Drug Safety & Pharmacovigilance

Cell-mediated immunity and development of necrotic granulomas in Mycobacterium bovis (M. bovis) infected lymph node (LN) is pathognomonic for bovine tuberculosis (BTB). This delayed hypersensitive host response involves a complex interaction of cellular and immune mediators within systemic circulation and LN. Hence, tuberculosis immunological response should be independently investigated at the peripheral blood and LN tissue level. The objective of this study was, therefore, to compare the cell surface and cytokine expression between immune cell from peripheral blood and lymph node cells (LNC) from calves on BCG efficacy trial.
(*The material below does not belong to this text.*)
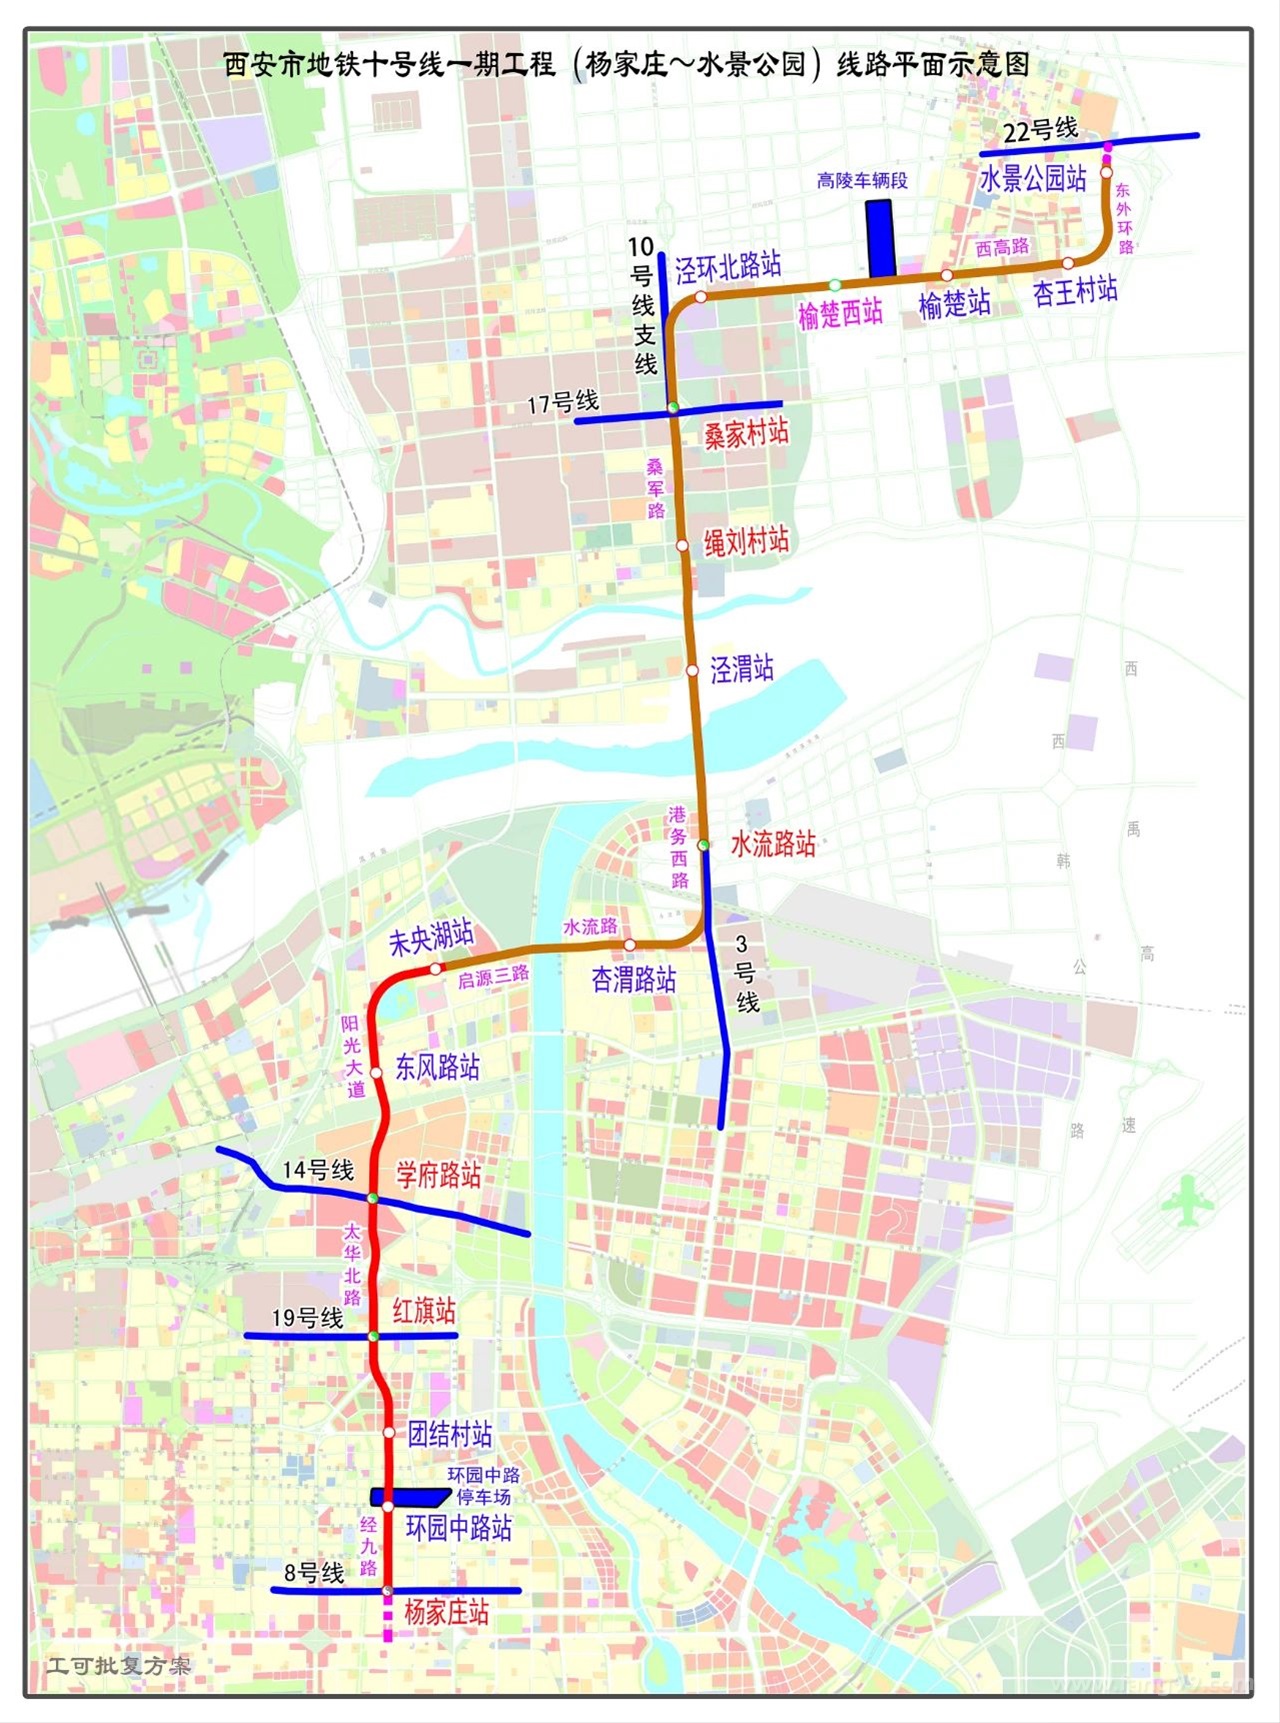 6969日前,西安市轨道交通集团发布了西安地铁在建线路最新情况与

Twenty pairs of peripheral blood mononuclear cells (PBMC) and) LNC from M. bovis naturally infected calves during BCG vaccine experiment trial were isolated and investigated in two phases of the flowcytometry experiment. In the first phase of a flow-cytometry experiment the proportion of ex-vivo CD25+ expressing cells was significantly higher (P<0.05) in CD4+ and CD8+ T node than that of peripheral blood. However, such difference in CD25+ expression was not observed in WC1 γδ T cells. Contrary to CD25+ ex-vivo expression, in-vitro IFN-γ and TNF-α producing cells were greater (P<0.05) in T cells of the peripheral blood than T cells of lymph node after PMA + ionomycin stimulation. This difference in IFNγ and TNFα responses was also statistically significant between a vaccinated and non-vaccinated group. An IL-4 producing cell was not evident in PBMC and LNC. During the second phase of flow-cytometry experiment additional surface marker; CD2, CD21, CD205, CD335 and CD1W2 were included to add more panels for immune cell subset. The second experiment revealed that PBMC CD4–WC1+ and CD8–WC1+ γδ T cells and CD205+D1W2+ DC subset exhibited lower percentage than γδ T cells and DC of LNC respectively (p=0.0001, p=0.0061). However, PBMC CD335+CD2+ NKT cells subset exhibited a higher percentage than NKT cells of LNC (p=0.0129). No difference was observed between groups in the percentage of the rest of T-cell and B-cell (p>0.05). Findings of this study suggest the existence of phenotypic immune compartmentalization between the two tissue compartments.